# Show that every matrix of order >1 is the sum of two singular matrices.

Show that every matrix of order >1 is the sum of two singular matrices.

Let
\begin{align*} A= \begin{bmatrix} a_{1,1} & a_{1,2} & \cdots & a_{1,n}\\ a_{2,1} & a_{2,2} & \cdots & a_{2,n}\\ \vdots & \vdots & \vdots & \vdots \\ a_{m,1} & a_{m,2} & \cdots & a_{m,n} \end{bmatrix} \end{align*} and assume that A is of order $>1$.

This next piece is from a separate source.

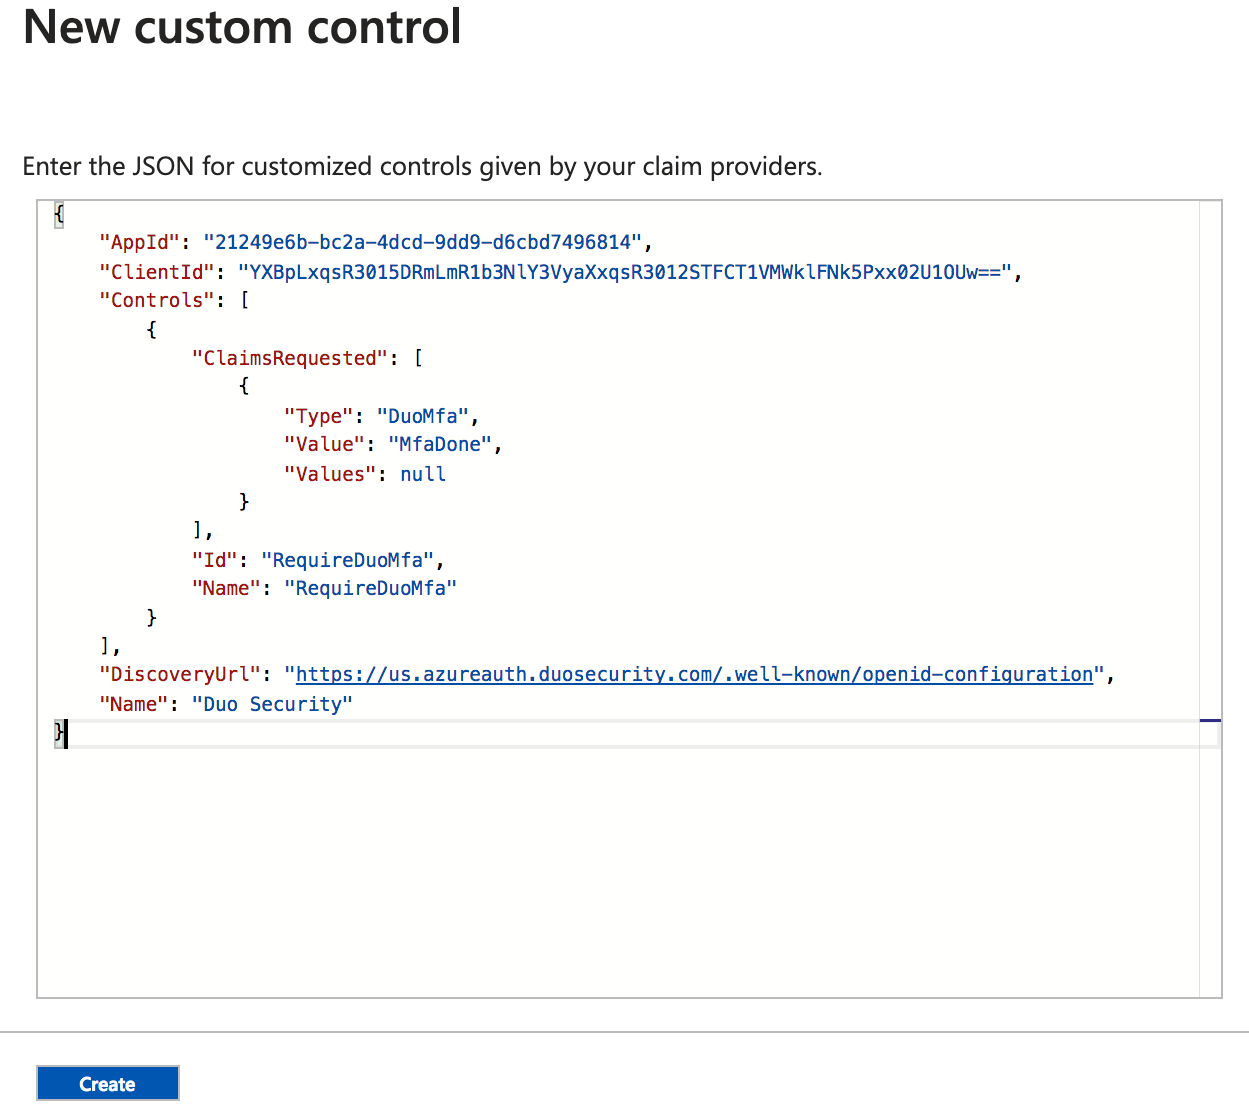 Duo Azure CA Custom Control JSON Input

I think that singular matrices $B,C$ in this problem

\begin{align*} B= \begin{bmatrix} 0 & 0 & \cdots & 0\\ a_{2,1} & a_{2,2} & \cdots & 0\\ \vdots & \vdots & \vdots & \vdots \\ a_{m,1} & a_{m,2} & \cdots & a_{m,n} \end{bmatrix}, \: \: \: C=\begin{bmatrix} a_{1,1} & a_{1,2} & \cdots & a_{1,n}\\ 0 & 0 & \cdots & a_{2,n}\\ \vdots & \vdots & \vdots & \vdots \\ 0 & 0 & \cdots & 0 \end{bmatrix} \end{align*} Then, it satisfies $B+C=A$ and $B,C$ are singular matrices.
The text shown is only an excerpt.